Now one of the key strategies Apple employed to help make its retail initiative a success was to position its stores in highly foot trafficked areas and in premium locations such as upscale malls and popular shopping areas such as the famed Michigan Ave. in Chicago. A few years later, real estate owners began pining for Apple to open up retail stores on their property because they felt it added an aura of quality to a particular shopping center. If a mall has an Apple Store, the reasoning went , it must be a nice and relatively upscale place to shop.
That said, it’s not terribly surprising that the Metropolitan Transportation Authority was also keen on landing Apple as a tenant. Consequently, Apple was able to score a pretty sweet real estate deal for the location. Whereas other tenants in the Grand Central Station area pay as much as $200 per square foot in rent, Apple, according to reports that surfaced yesterday, is only paying $60. What’s more, Apple, in contrast to other retailers there, will not be paying the MTA a percentage of their sales.

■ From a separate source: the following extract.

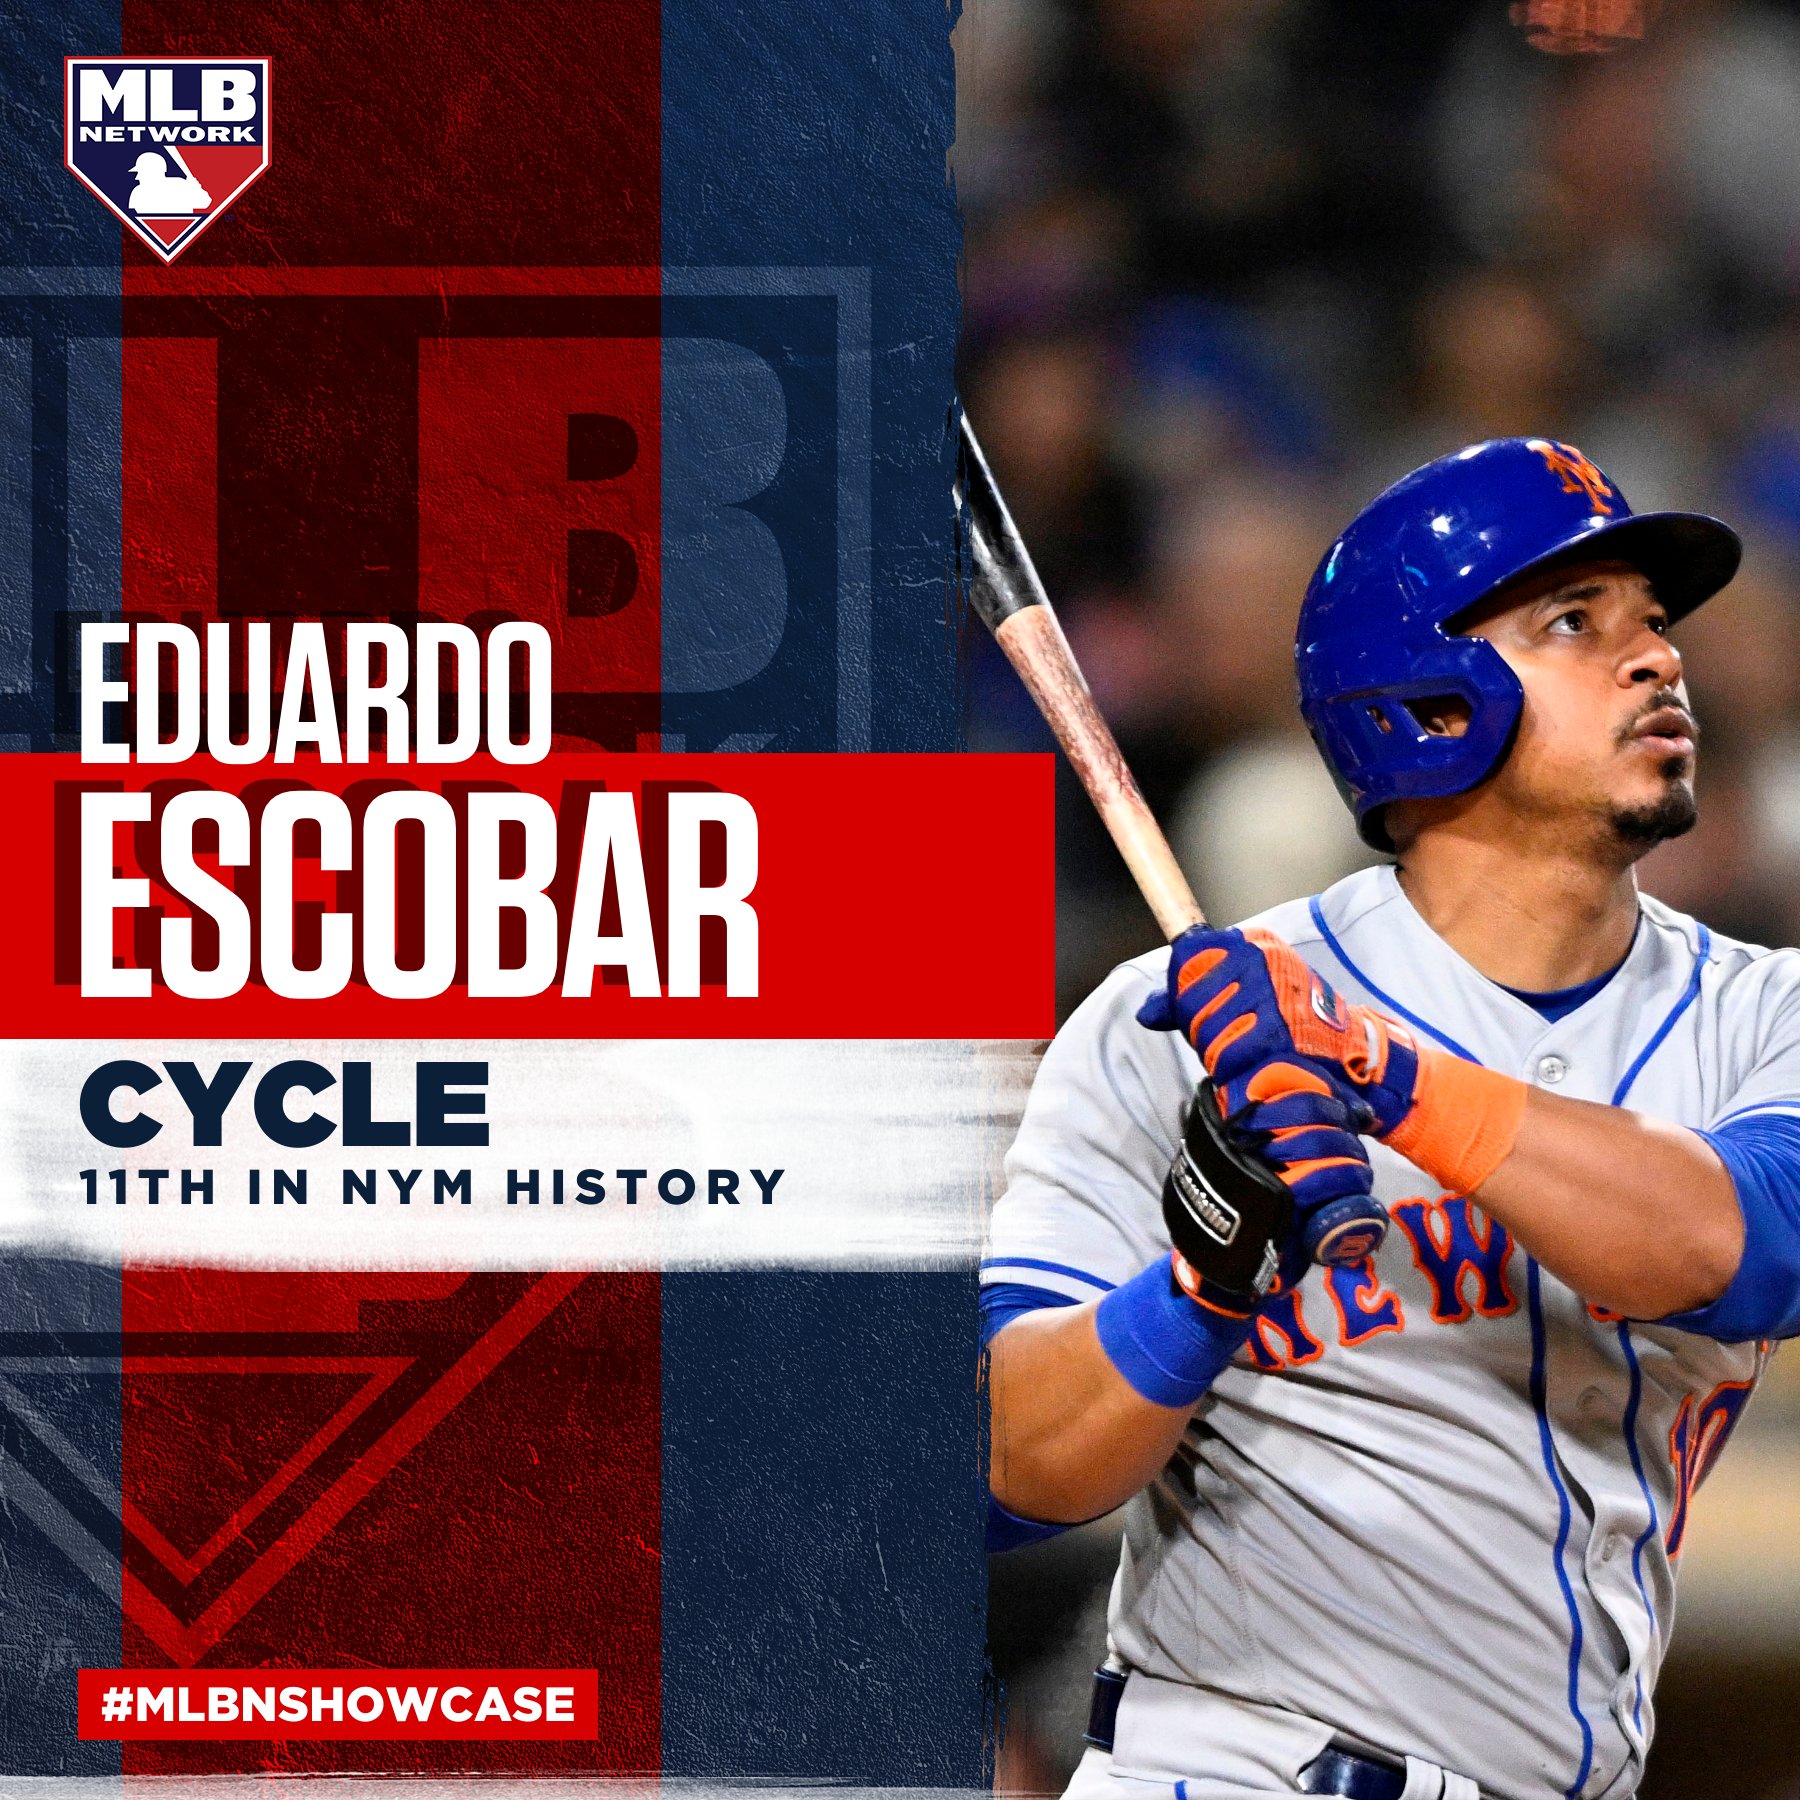 MLB Network on X: 🚨CYCLE🚨 Eduardo Escobar becomes the 11th

The MTA justifies Apple’s unique deal on the grounds that it will “generate significant new traffic” for other stores in location.
Still, New York State Comptroller Thomas DiNapoli is curious as to the terms of the deal and wants to make sure that MTA hasn’t given away the store..
Responding to said concerns, MTA spokesman Aaron Donovan explained that Apple has already paid $5 million up front for the space.
Consistent with the Comptroller’s recommendations, the MTA moved proactively to maximize revenue and quadrupled the rent we receive for this unique space… They are effectively paying $180 per square foot over the 10 years of the lease, almost 10 times the previous tenant.
So it’s still a good deal, just not as crazy a deal as initially thought.
Still, leave it to a state senator with nothing better to do than to try and use a non-issue to get up onto a soap box.
New York Senator Tony Avella told the media yesterday that he thinks taxpayers may be getting the short end of the stick.
“There needs to be an investigation of who negotiated this deal. The taxpayers of this state are being ripped off that Apple is getting this sweetheart deal.”
Yes, it’s time to round up government employees and have them work together and investigate the lease signed by Apple at Grand Central Station. An excellent use of government resources.